(INFORMATION SHOWN begins)

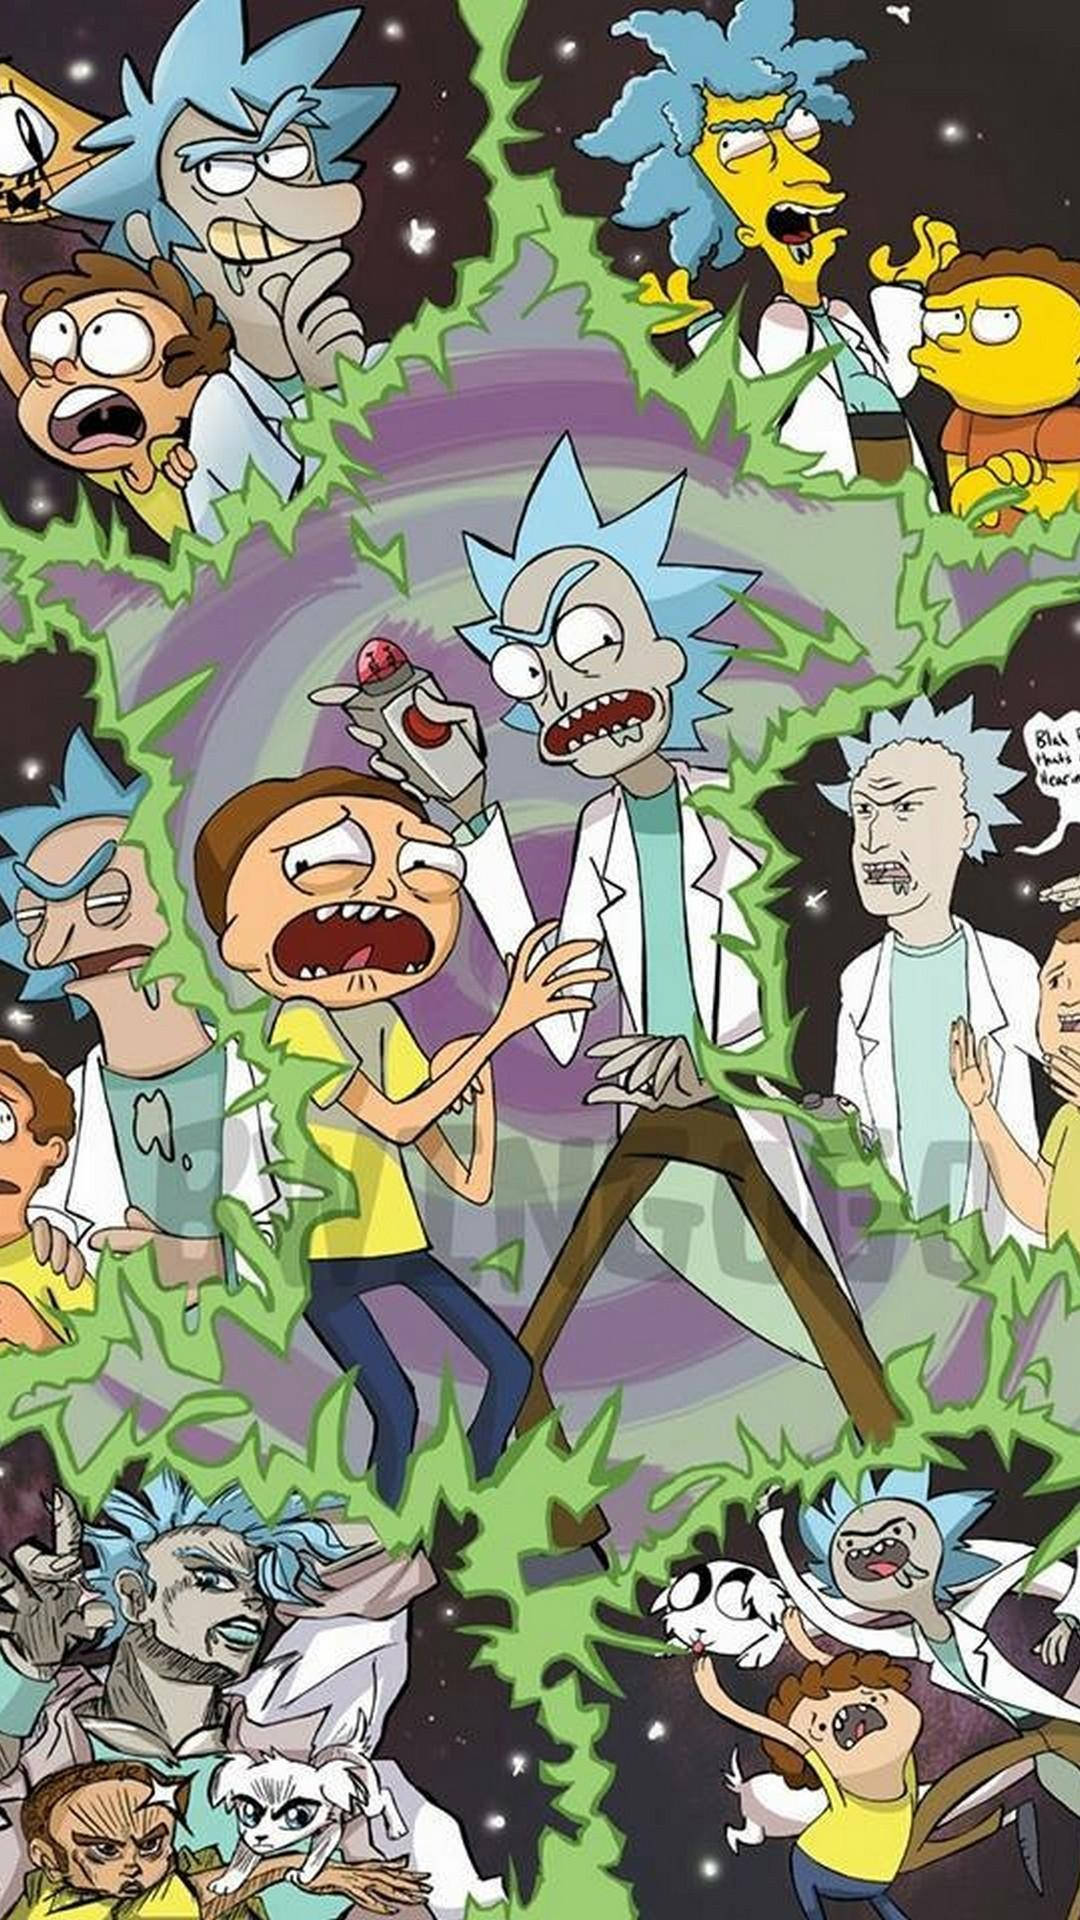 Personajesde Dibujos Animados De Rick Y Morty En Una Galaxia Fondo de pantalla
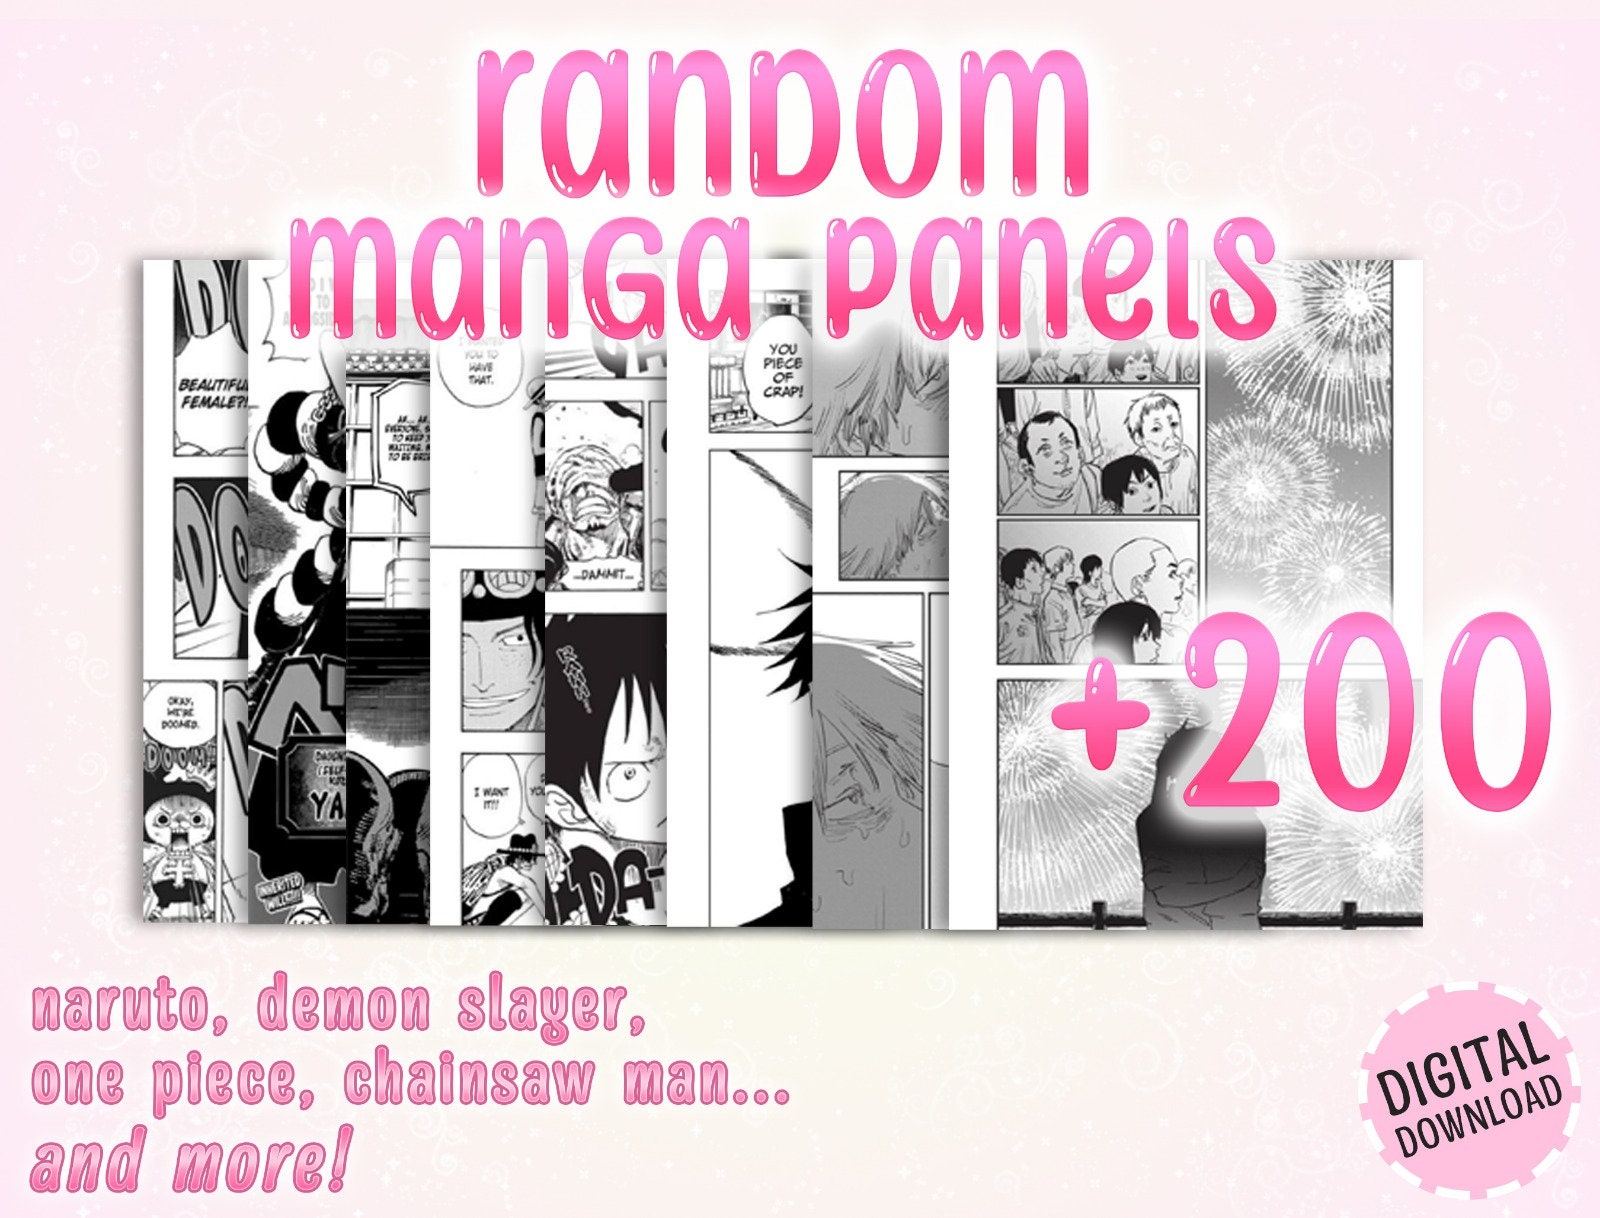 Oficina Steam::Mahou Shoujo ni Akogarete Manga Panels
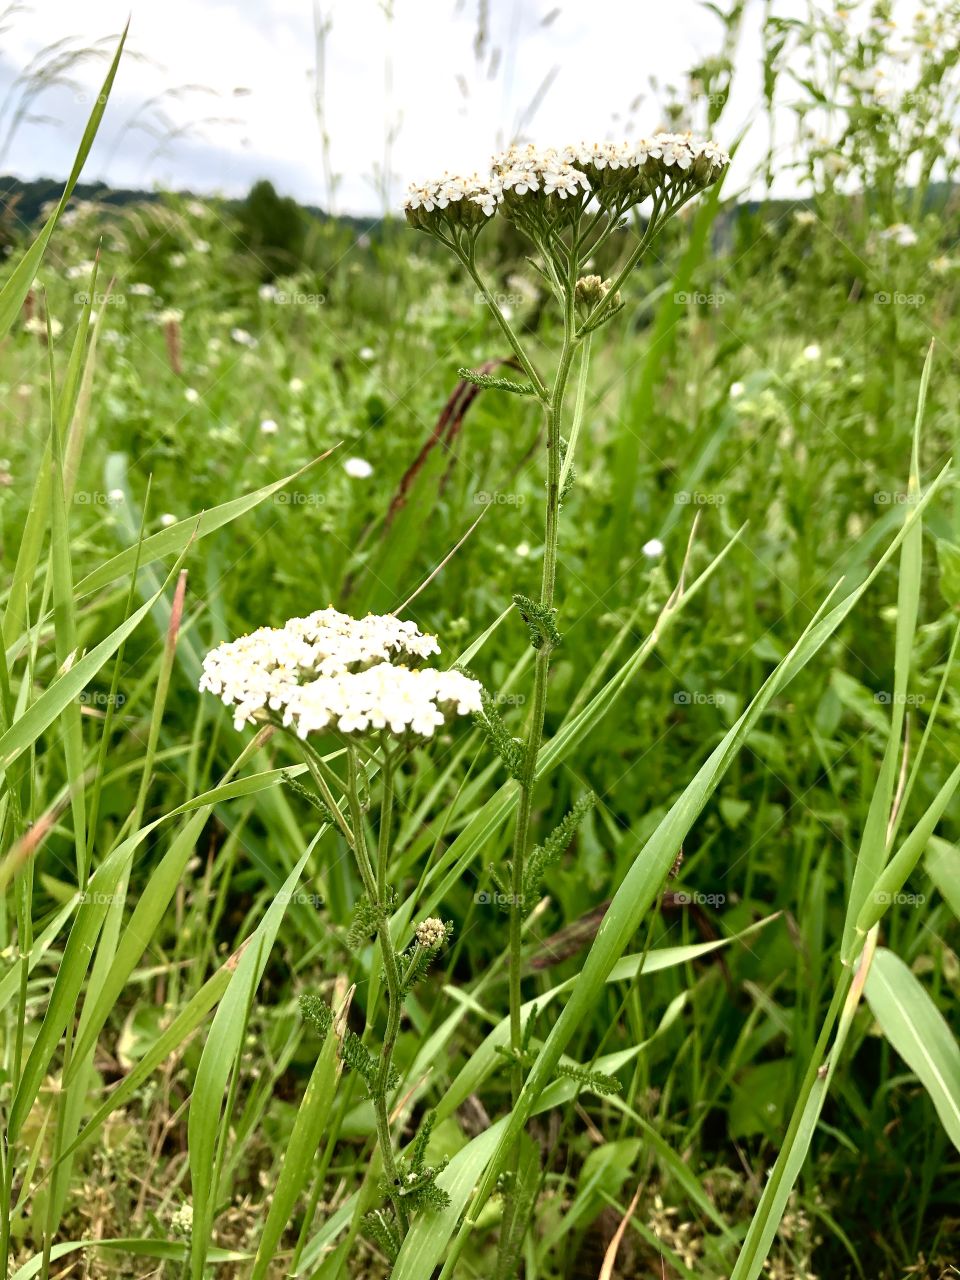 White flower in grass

(INFORMATION SHOWN ends)

#### WORK REQUIRED:
Output the data exactly. Leave every picture out.

#### EXPECTED ANSWER:
 Personajesde Dibujos Animados De Rick Y Morty En Una Galaxia Fondo de pantalla
 Oficina Steam::Mahou Shoujo ni Akogarete Manga Panels
 White flower in grass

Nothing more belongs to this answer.